■ **TO DO**: The data that follows is to be given again, exactly as written.

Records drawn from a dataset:

━━━━

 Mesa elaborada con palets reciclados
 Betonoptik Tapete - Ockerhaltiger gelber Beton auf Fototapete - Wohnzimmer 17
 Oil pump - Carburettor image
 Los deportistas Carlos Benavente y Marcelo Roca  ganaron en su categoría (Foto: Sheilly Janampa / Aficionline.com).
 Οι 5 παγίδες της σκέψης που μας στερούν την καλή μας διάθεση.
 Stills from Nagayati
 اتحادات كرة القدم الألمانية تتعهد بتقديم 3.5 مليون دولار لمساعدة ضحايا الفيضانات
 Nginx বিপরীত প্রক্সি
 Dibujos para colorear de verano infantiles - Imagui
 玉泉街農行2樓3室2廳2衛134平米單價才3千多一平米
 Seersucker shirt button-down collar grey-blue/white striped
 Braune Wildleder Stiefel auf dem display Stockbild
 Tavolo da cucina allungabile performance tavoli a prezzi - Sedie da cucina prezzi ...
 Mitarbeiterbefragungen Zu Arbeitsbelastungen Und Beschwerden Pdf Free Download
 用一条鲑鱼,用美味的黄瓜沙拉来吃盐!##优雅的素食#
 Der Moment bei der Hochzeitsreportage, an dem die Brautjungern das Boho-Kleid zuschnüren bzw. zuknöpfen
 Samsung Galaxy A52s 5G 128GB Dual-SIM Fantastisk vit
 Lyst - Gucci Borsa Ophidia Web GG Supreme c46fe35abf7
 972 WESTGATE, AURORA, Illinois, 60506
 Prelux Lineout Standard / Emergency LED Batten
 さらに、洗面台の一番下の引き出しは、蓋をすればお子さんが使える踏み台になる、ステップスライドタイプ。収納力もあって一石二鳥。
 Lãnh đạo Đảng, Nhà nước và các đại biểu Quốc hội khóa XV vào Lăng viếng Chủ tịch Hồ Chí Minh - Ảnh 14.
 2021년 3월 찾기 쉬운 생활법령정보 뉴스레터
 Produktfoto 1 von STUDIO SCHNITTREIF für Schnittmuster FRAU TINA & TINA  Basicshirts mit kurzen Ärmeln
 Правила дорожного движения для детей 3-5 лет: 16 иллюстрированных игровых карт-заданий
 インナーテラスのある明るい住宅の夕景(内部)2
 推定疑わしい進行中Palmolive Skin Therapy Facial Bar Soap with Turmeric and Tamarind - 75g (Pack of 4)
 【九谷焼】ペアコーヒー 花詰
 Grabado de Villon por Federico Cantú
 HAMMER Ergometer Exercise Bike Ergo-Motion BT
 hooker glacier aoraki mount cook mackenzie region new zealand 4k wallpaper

━━━━

■ **WRITTEN RESPONSE**:
 Mesa elaborada con palets reciclados
 Betonoptik Tapete - Ockerhaltiger gelber Beton auf Fototapete - Wohnzimmer 17
 Oil pump - Carburettor image
 Los deportistas Carlos Benavente y Marcelo Roca  ganaron en su categoría (Foto: Sheilly Janampa / Aficionline.com).
 Οι 5 παγίδες της σκέψης που μας στερούν την καλή μας διάθεση.
 Stills from Nagayati
 اتحادات كرة القدم الألمانية تتعهد بتقديم 3.5 مليون دولار لمساعدة ضحايا الفيضانات
 Nginx বিপরীত প্রক্সি
 Dibujos para colorear de verano infantiles - Imagui
 玉泉街農行2樓3室2廳2衛134平米單價才3千多一平米
 Seersucker shirt button-down collar grey-blue/white striped
 Braune Wildleder Stiefel auf dem display Stockbild
 Tavolo da cucina allungabile performance tavoli a prezzi - Sedie da cucina prezzi ...
 Mitarbeiterbefragungen Zu Arbeitsbelastungen Und Beschwerden Pdf Free Download
 用一条鲑鱼,用美味的黄瓜沙拉来吃盐!##优雅的素食#
 Der Moment bei der Hochzeitsreportage, an dem die Brautjungern das Boho-Kleid zuschnüren bzw. zuknöpfen
 Samsung Galaxy A52s 5G 128GB Dual-SIM Fantastisk vit
 Lyst - Gucci Borsa Ophidia Web GG Supreme c46fe35abf7
 972 WESTGATE, AURORA, Illinois, 60506
 Prelux Lineout Standard / Emergency LED Batten
 さらに、洗面台の一番下の引き出しは、蓋をすればお子さんが使える踏み台になる、ステップスライドタイプ。収納力もあって一石二鳥。
 Lãnh đạo Đảng, Nhà nước và các đại biểu Quốc hội khóa XV vào Lăng viếng Chủ tịch Hồ Chí Minh - Ảnh 14.
 2021년 3월 찾기 쉬운 생활법령정보 뉴스레터
 Produktfoto 1 von STUDIO SCHNITTREIF für Schnittmuster FRAU TINA & TINA  Basicshirts mit kurzen Ärmeln
 Правила дорожного движения для детей 3-5 лет: 16 иллюстрированных игровых карт-заданий
 インナーテラスのある明るい住宅の夕景(内部)2
 推定疑わしい進行中Palmolive Skin Therapy Facial Bar Soap with Turmeric and Tamarind - 75g (Pack of 4)
 【九谷焼】ペアコーヒー 花詰
 Grabado de Villon por Federico Cantú
 HAMMER Ergometer Exercise Bike Ergo-Motion BT
 hooker glacier aoraki mount cook mackenzie region new zealand 4k wallpaper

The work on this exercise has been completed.